This is part of a series of a year long journey through the book, “Franciscan Virtues Through the Year“. If you’d like more information on Old/Independent Catholicism, or would like more information on my denomination, or feel called to a vocation, click here!
It’s not a coincidence that the virtue of Eagerness should fall on the same week as the beginning of Lent.
And eagerness is definitely a quality that most gardeners need. It’s only the 14th of February but already I’m hauling out the seed catalogues and thinking about what I’m going to order this year, what I’m going to start indoors this year, and how I can do my planting inside in such a way that the seedlings won’t all croak. See, when we bought the house I figured that the east exposure in the kitchen would be good for starting seeds.

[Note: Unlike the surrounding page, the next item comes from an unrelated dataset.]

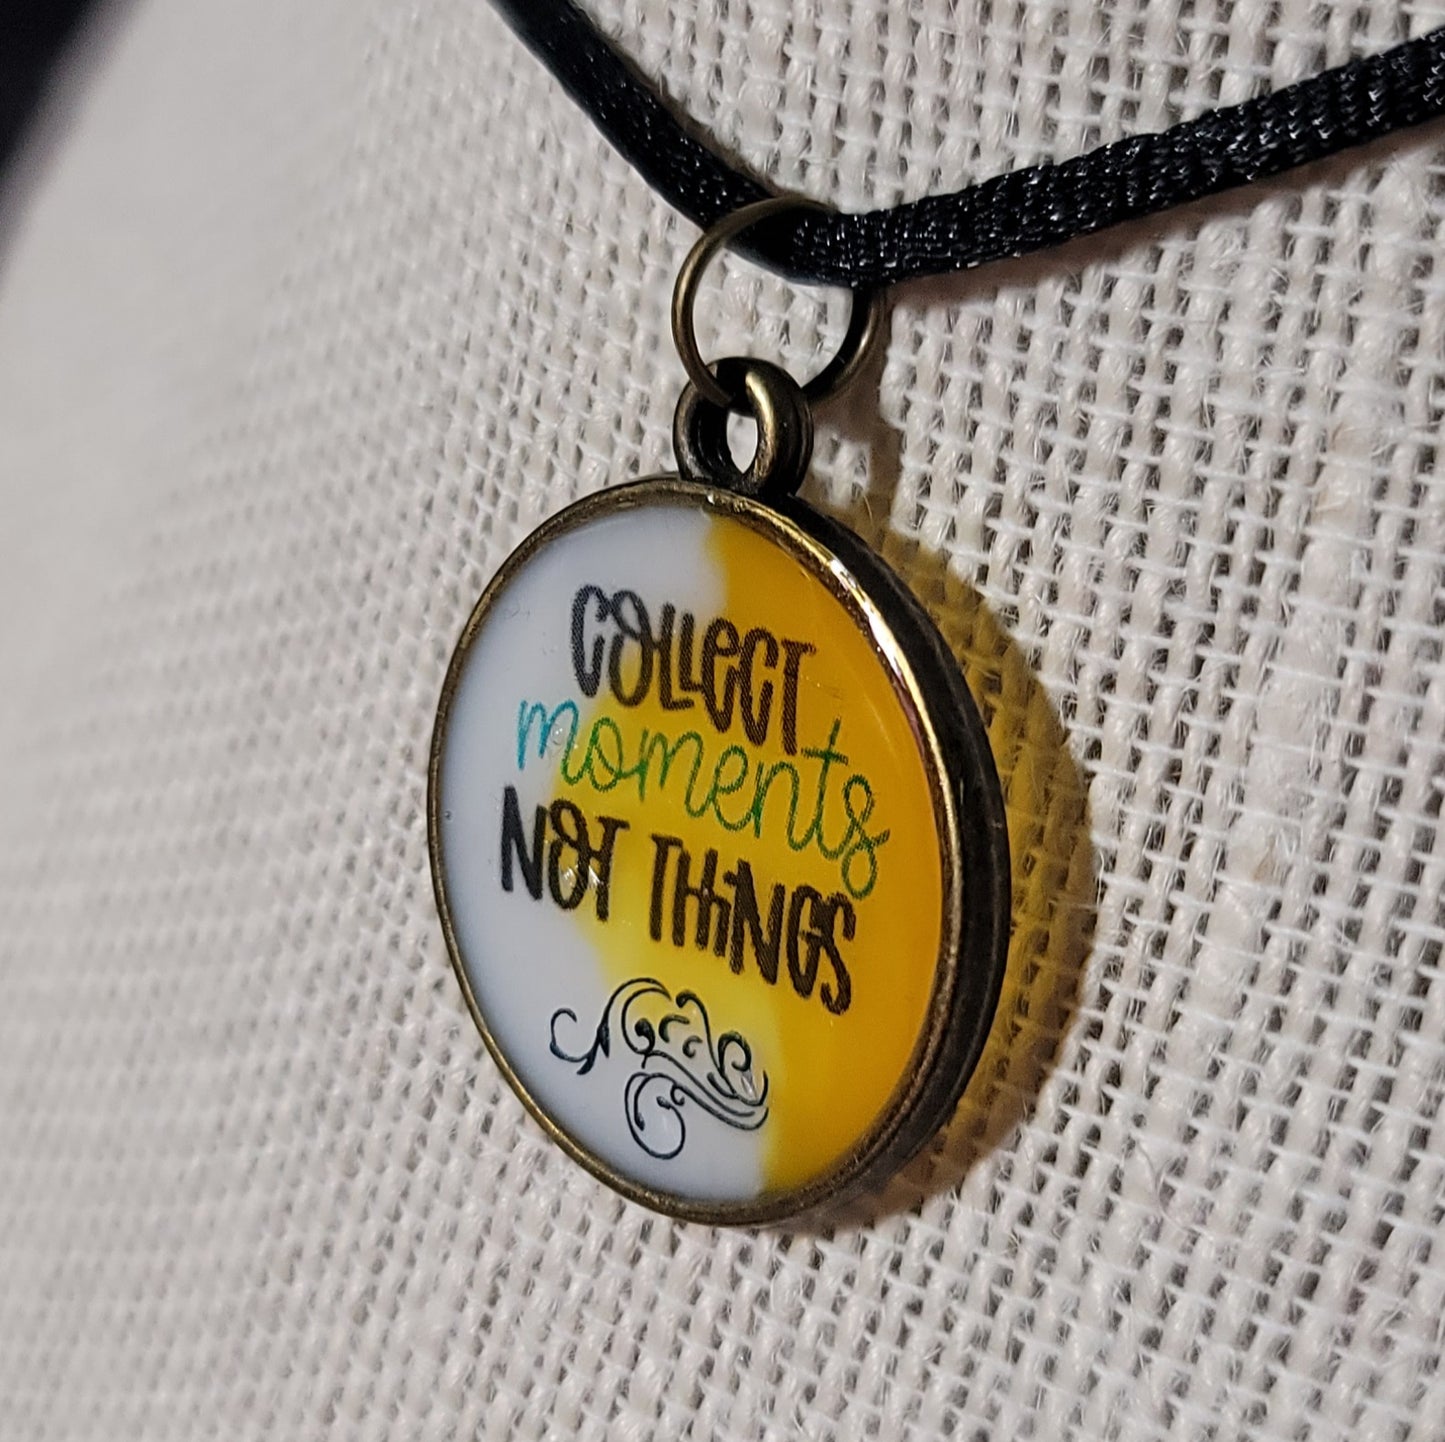 Collect Memories, Not Things Pendant Charm

And most plants do OK there–once I figured out that the vent under the table was drying things out very quickly, and baking what wasn’t getting watered. Last year I lost all my seedlings because I was too eager to start without really thinking things through.

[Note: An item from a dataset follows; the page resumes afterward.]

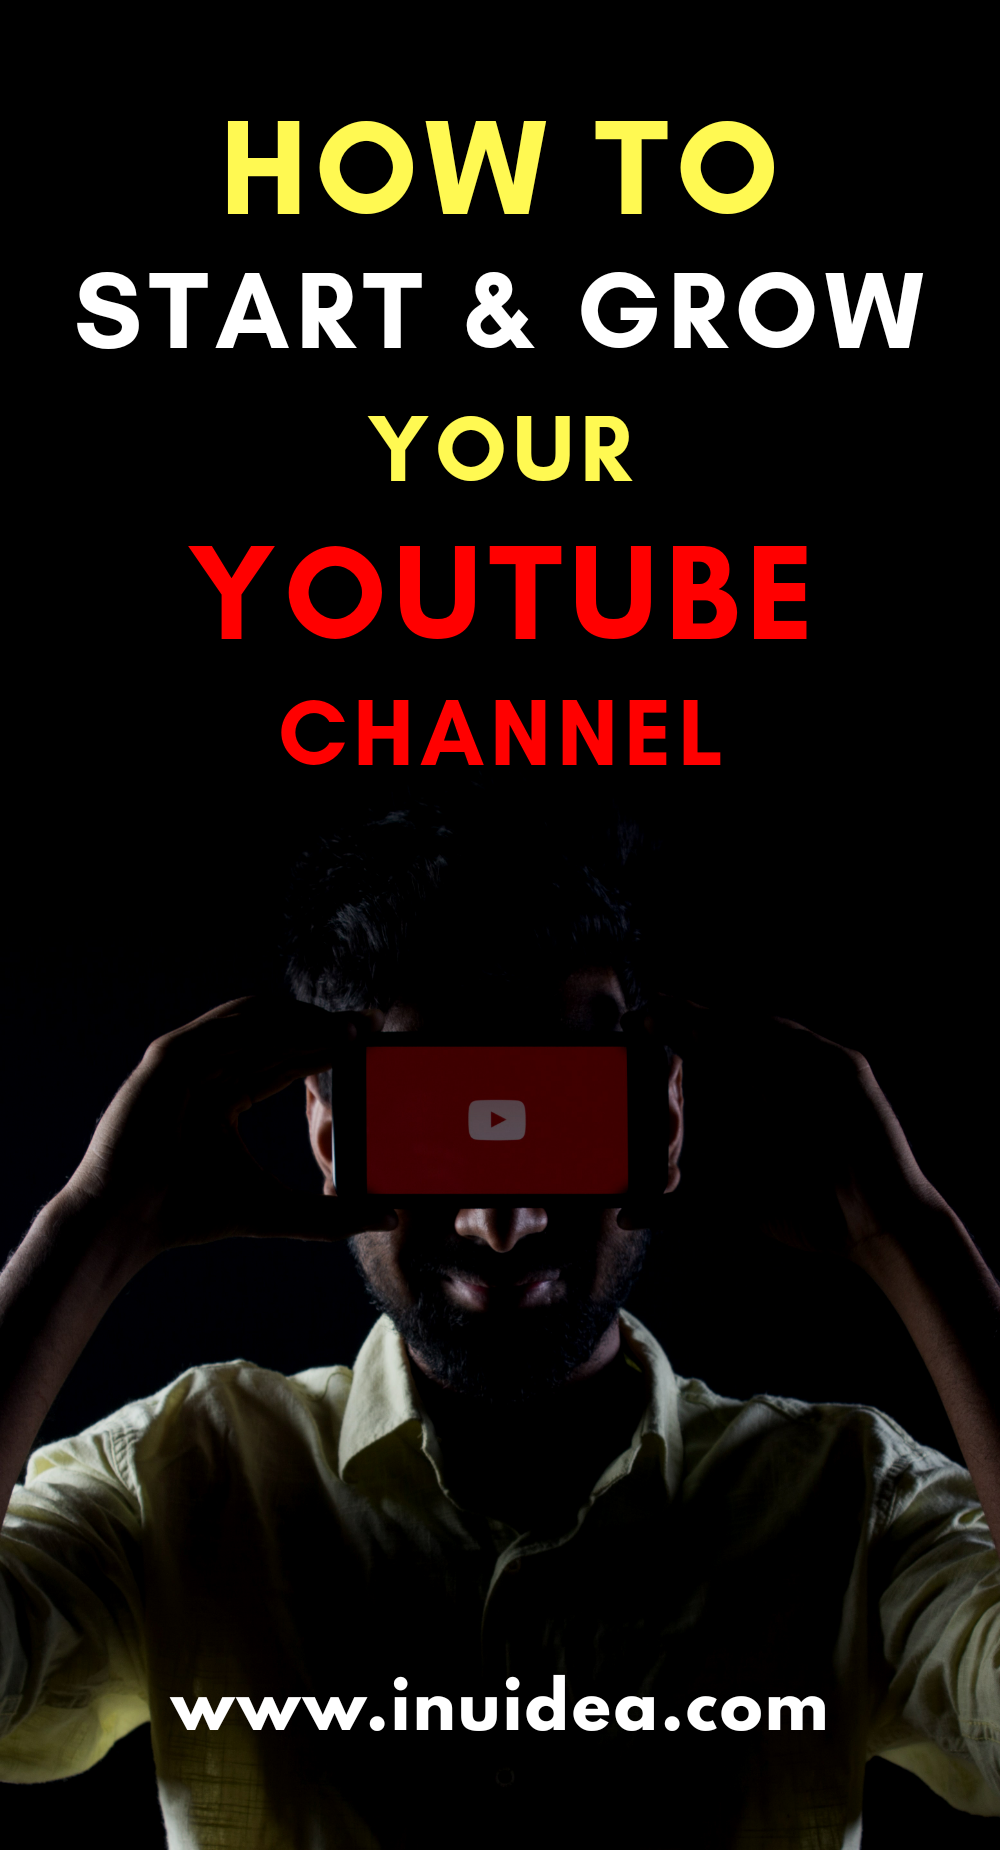 Grow your YouTube channel

Eagerness as a virtue is different from that impulse to dive into something and just not think about the repercussions. In my personal life, there’s an eagerness that is ever present to see my boyfriend, to spend time with him, to enjoy his company and allow our relationship to grow. It’s a desire to encounter Dan as a complete being, and watch as my own being is reflected back while I’m with him.
The same kind of experience happens when I enter into a prayer experience. When I’m
praying the office, or doing Centering Prayer, there’s a calm connection that happens that makes me eager to want to re-enter into those times. It’s a strange sort of thing really, a kind of intimate relationship with something so big that it’s hard to fully describe or understand.
Lent being what Lent is, a time of penance and connection, a time of ‘entering into the wilderness’ as Jesus did after His baptism, there is an eagerness to enjoy that feast of the spirit that engages when you fast. The challenge does come–its not simply eagerly choosing to do something and enter into that experience without issue. The challenge is to allow the eagerness of the entering-in to overcome the feelings of anxiety, of frustration.
Eagerness is ecstasy that has not fully blossomed; its a seed that needs nurturing, that contains the joy of knowing a flower will eventually blossom.